# Screen Goo



## Epoxy Pro (Oct 7, 2012)

Any body ever use this product? What should we do for prep work? Is there a better product out on the market?


----------



## Roamer (Jul 5, 2010)

We haven't used that product but we have used other 'screen' coatings. All of which require a level 5 finish. We used a 1/4 inch nap roller, as well.


----------



## Epoxy Pro (Oct 7, 2012)

Roamer said:


> We haven't used that product but we have used other 'screen' coatings. All of which require a level 5 finish. We used a 1/4 inch nap roller, as well.


I called the.mfg and he said level 5 wall is needed. We relayed that to the real estate lady. She said she doubted they ho would pay for that.

We will proceed but in writing it states no warranty what so ever on the product or workmanship. She agreed to that.

Its also going on a curved wall. Not sure how it will look.


----------



## Tonyg (Dec 9, 2007)

http://www.painttalk.com/f16/screen-goo-61810/

Still may end up using it down the road but they decided to hold off for now.


----------



## Epoxy Pro (Oct 7, 2012)

We will be doing this one. No confirmed date as of yet.


----------



## Roamer (Jul 5, 2010)

As was mentioned in the other Goo thread, it is important that you find out the manufacturer and model number of the projection tv. Different models require different reflective qualities for maximum viewing. Provide your goo retailer with that info before ordering.


----------



## Epoxy Pro (Oct 7, 2012)

Roamer said:


> As was mentioned in the other Goo thread, it is important that you find out the manufacturer and model number of the projection tv. Different models require different reflective qualities for maximum viewing. Provide your goo retailer with that info before ordering.

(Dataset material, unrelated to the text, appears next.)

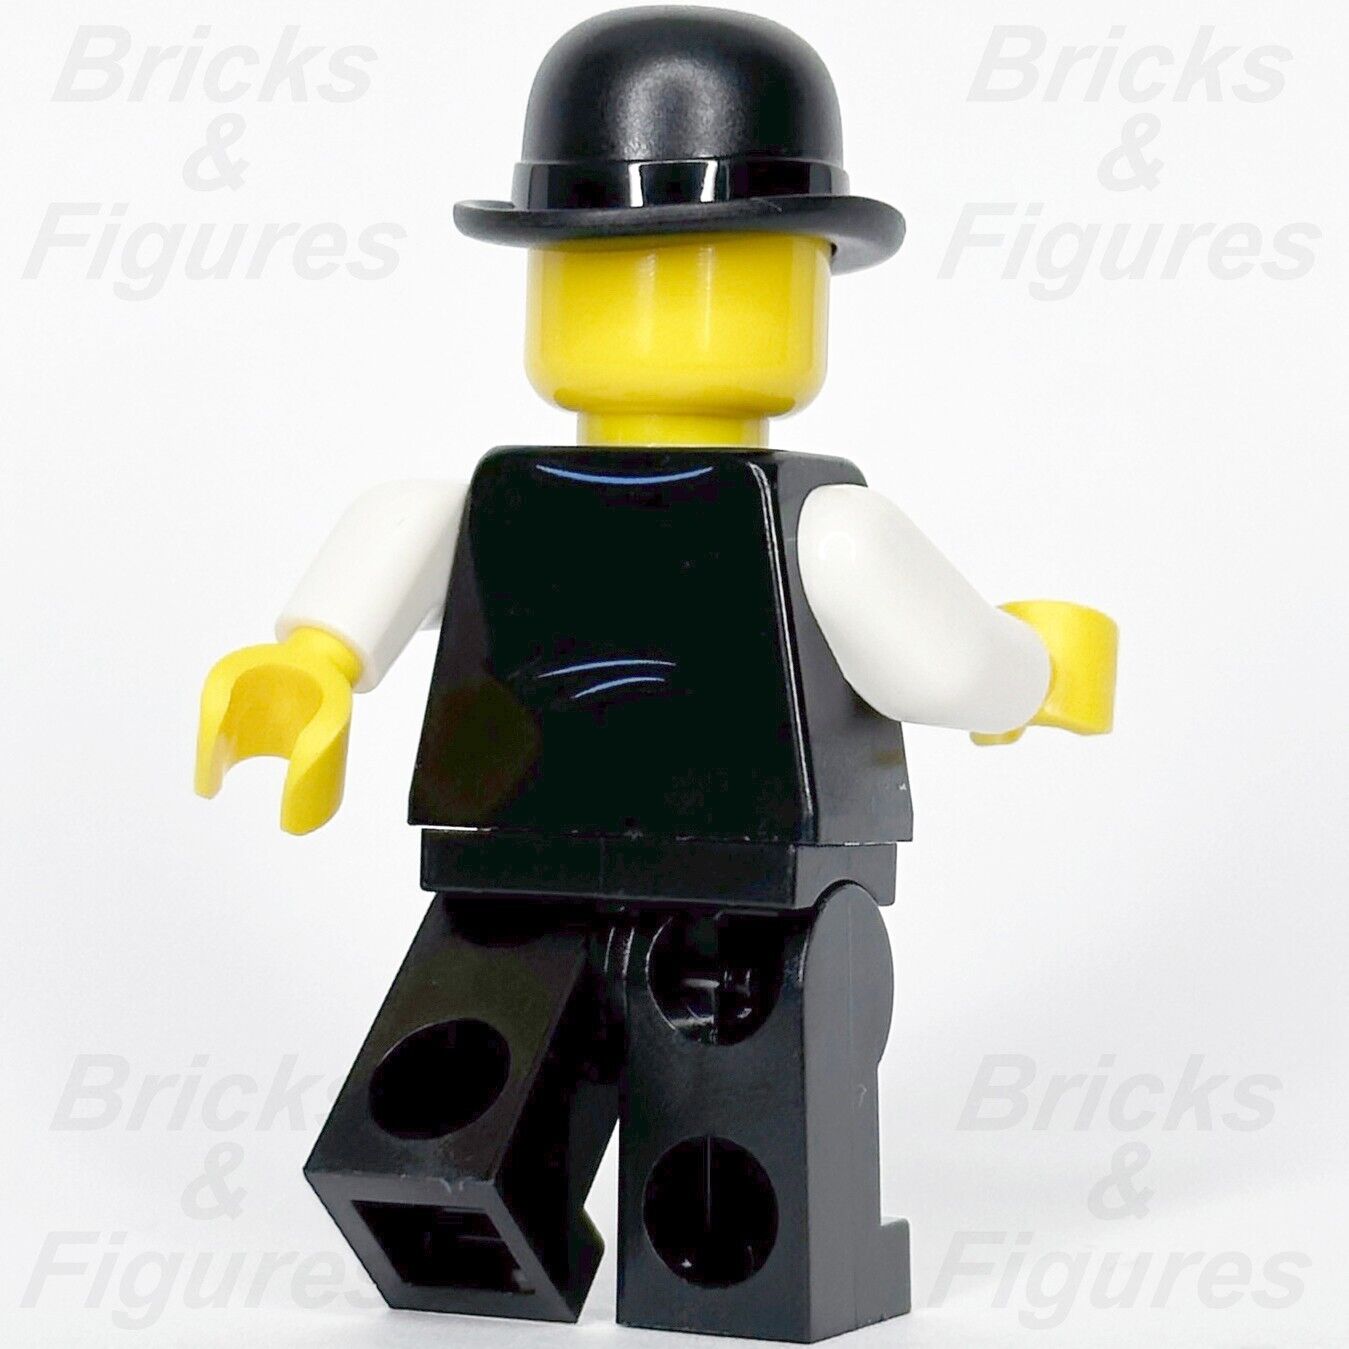 LEGO Creator Accountant Minifigure Expert 10297 twn421 Town Male Minifig - Bricks & Figures
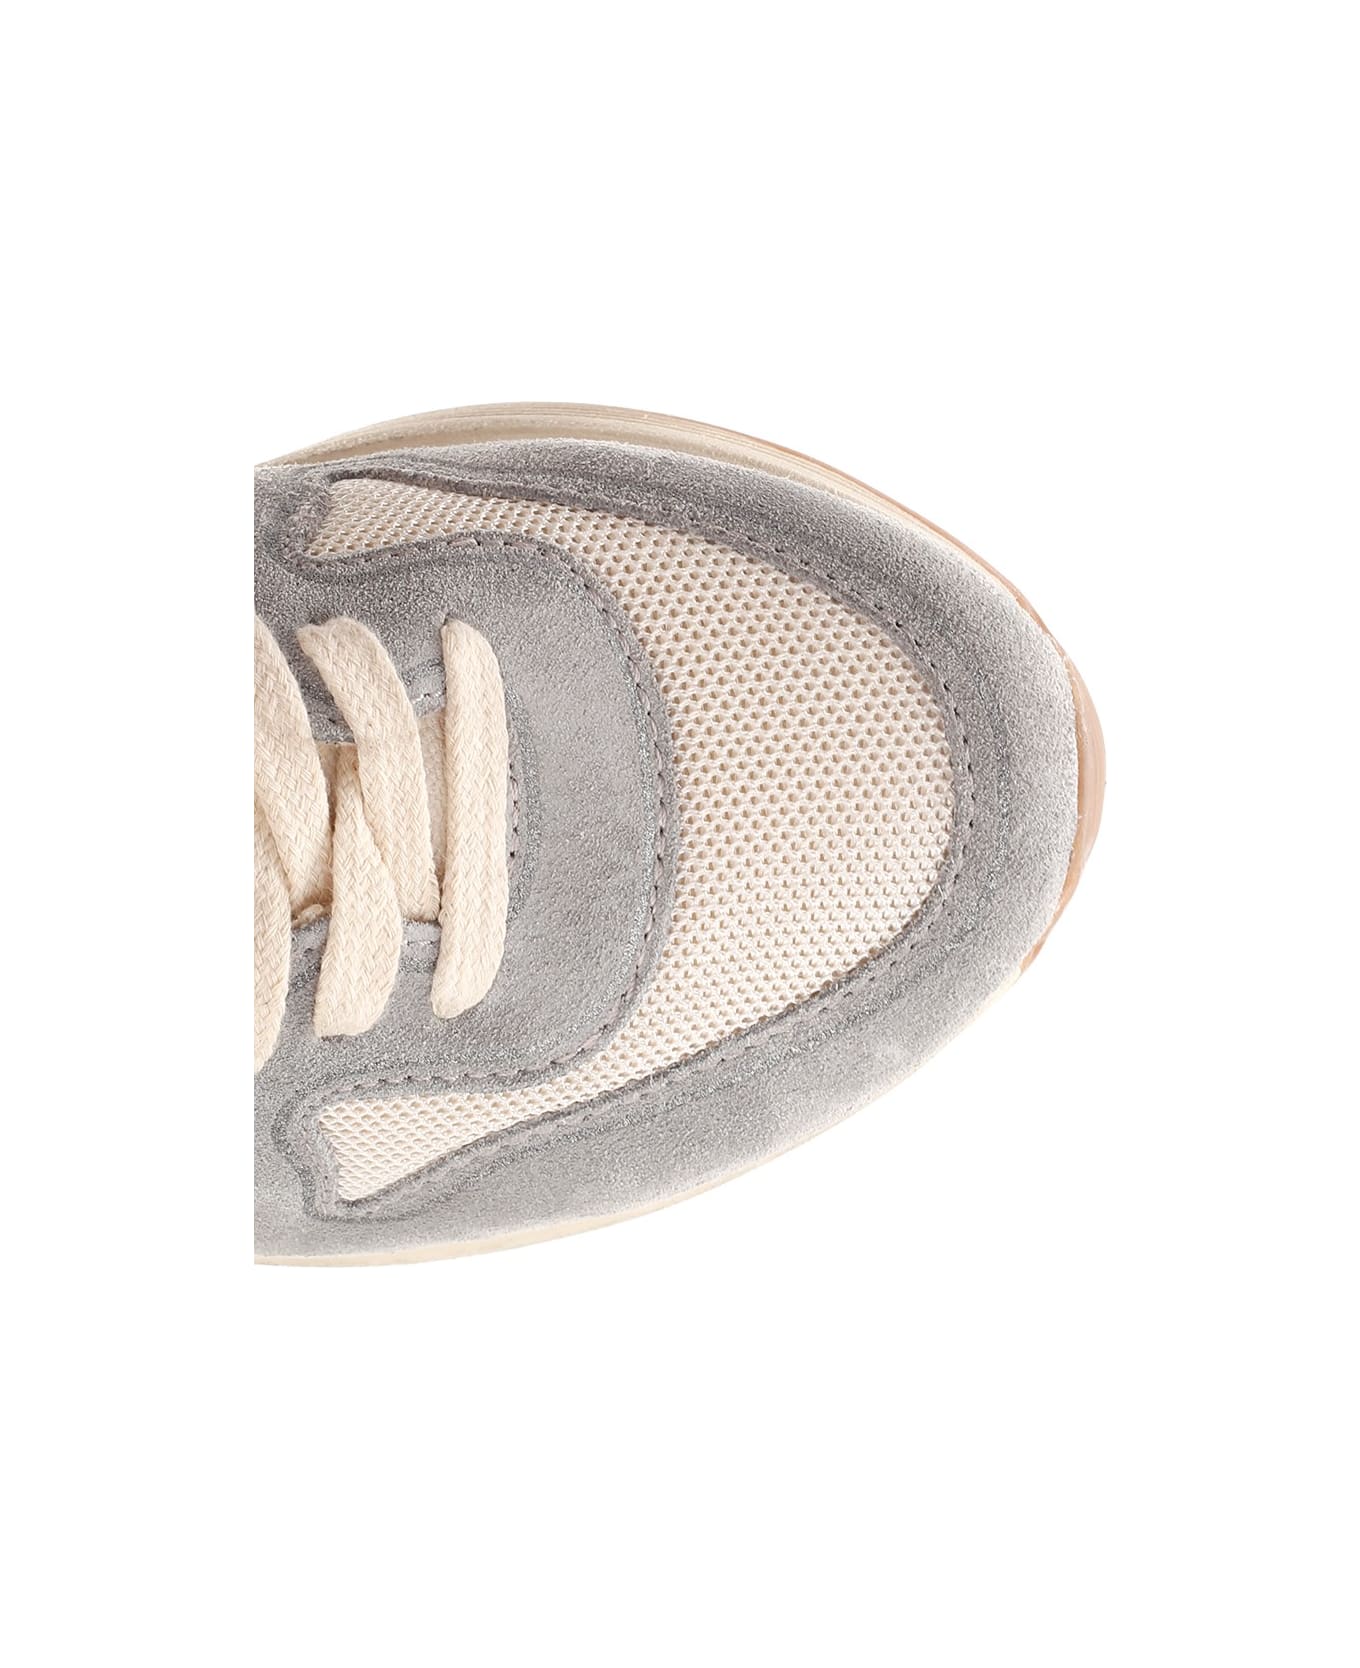 Golden Goose Running Sole Sneakers - Silver/White/Cream/Smoke Grey/Silver

The home owner is getting the product. I did write the model number of the projector down and asked the rep to call me when he receives the order so I can confirm the info. 

The HO is not having a level 5 finish done. I explained how important it is for this product to work right. I also said there is no warranty what so ever. If the product does not preform the way it was designed there is nothing we can do because corners are being cut.

I have a special contract typed up for this job. Every thing the rep said is laid out in black and white. I want to do this job but not as much now with corners being cut.


----------